According to the IMF, the lowest level of financing cost has been reached since 1975. Distributed dividends have increased because companies do not want to accumulate cash and destroy value. Some dividend pay-outs are amazing. No shareholder will complain. In terms of taxes, we should also be able to deduct a negative interest (as a charge) and as well as positive interests are taxable. The interest in crypto currencies, which do not generate interest calculation (but do not cost either) has increased, despite a volatility that remains strong. These low rates have the merit of boosting interest for alternative products (funds) and the so-called "dynamic" investment products. Corporates are revisiting their investment policies to allow other asset management instruments. Lastly, these negative rates have allowed many people to acquire their house at a more attractive price. However, these benefits cannot hide the disadvantages that this "abnormal" situation creates.
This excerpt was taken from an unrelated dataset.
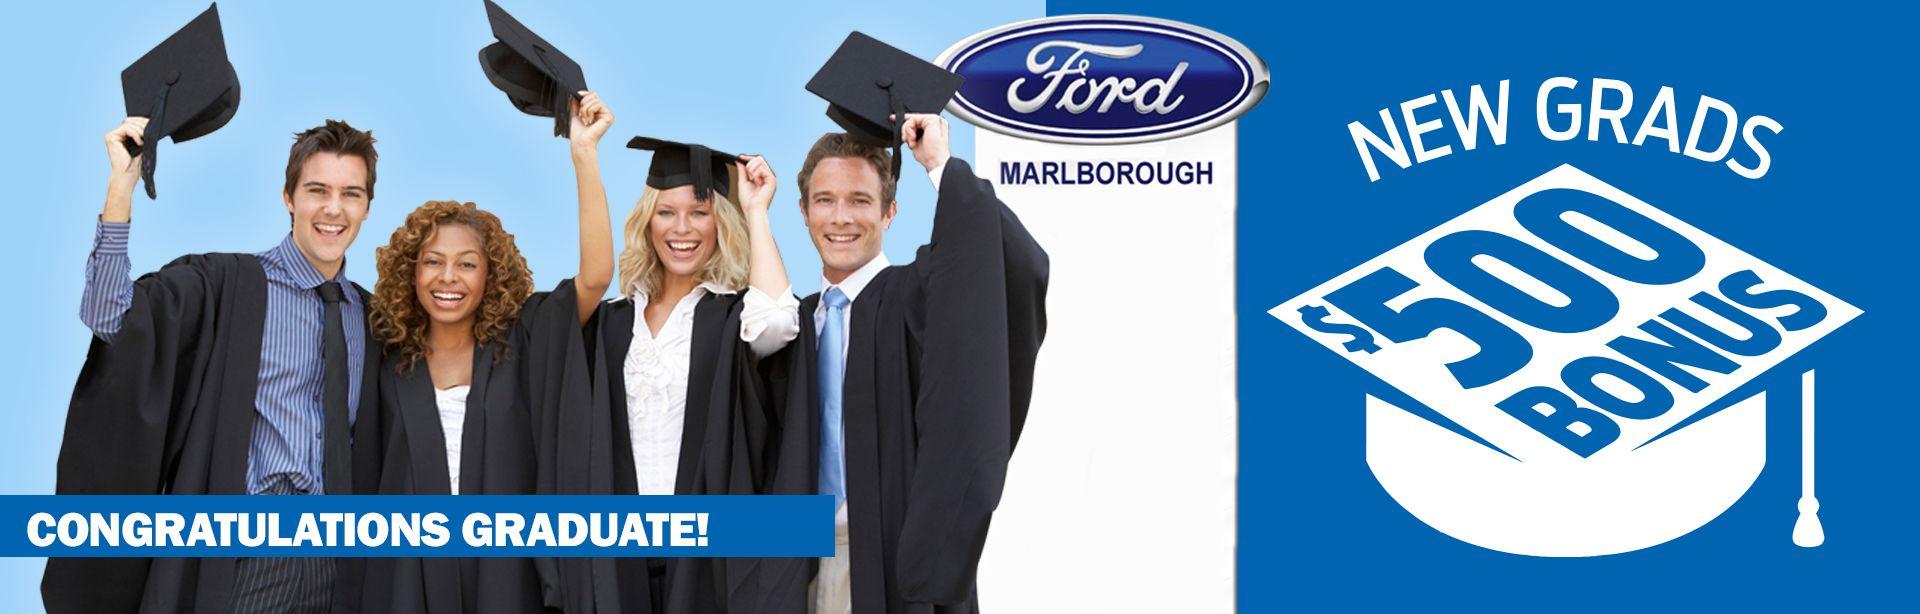 New_Graduate_Program_at_Marlborough_Ford

The “cheap” (interest rate) also has its dangers. These rates are creating a possible real estate bubble that we hope will not burst. We can now borrow at 20 years at less than 1 percent fixed. ALM management has become extremely difficult for private banks with a unilateral "floorage" (at zero) that is not sustainable for banks. Of course, they have floored in the meanwhile all borrowings to ensure minimum margins. This is weakening banks, insurance companies and pension funds. The guaranteed minimum rates, imposed by the States, penalize them. They must seek returns and yields in alternative funds, real estate or "private equity" to offset the shortfall. A mission almost impossible in the medium term. The excess of cash has misstructured the financial management and by the destruction of value it forces to take more risks or to invest in operating assets, which in principle generate positive returns. Private Equity funds (PE's) also see their IRR (internal rate of return) fall while remaining in attractive relative value. PE's “dry powder” continues to increase and is ready for investments. However, it is difficult to find investments at attractive prices, with high multiples. Even cash pools are affected by Transfer Prices. Cash-pooling deposits, for example, should be taxed at negative rates, minus the benefit of belonging to a cash-pool (which should be shared among participants.
IT systems and solutions were not fitted for sub-zero rates and had to be fixed to deal with under-zero rates. Who could have thought about it? We could find another thousand other unfortunate consequences of such depressed EUR rates. The worst of all is a destabilization of the whole banking system. The banks begin to suffer heavily from these persistent negative rates. I am not sure, then, that these rates will not have an effect more perverse than it seems, more haunting, more devious and misleading. The economic textbooks will explain to our grandchildren that more than the crisis or the regulations that followed it, it was the negative rates that destabilized the financial edifice and “vampirized “the centennial economic principles. No, these negative rates are not always "positive", if I may say so. I personally see more "con’s" than "pro’s". They will force us to reconsider our fundamental and founding principles to adapt to a situation that is, to say the least, abnormal. "Time is a killer (or time became murderer)" in terms of interest rates, like the novel by Michel Bussi. I remember a period time was generating value… Time was money but is not anymore.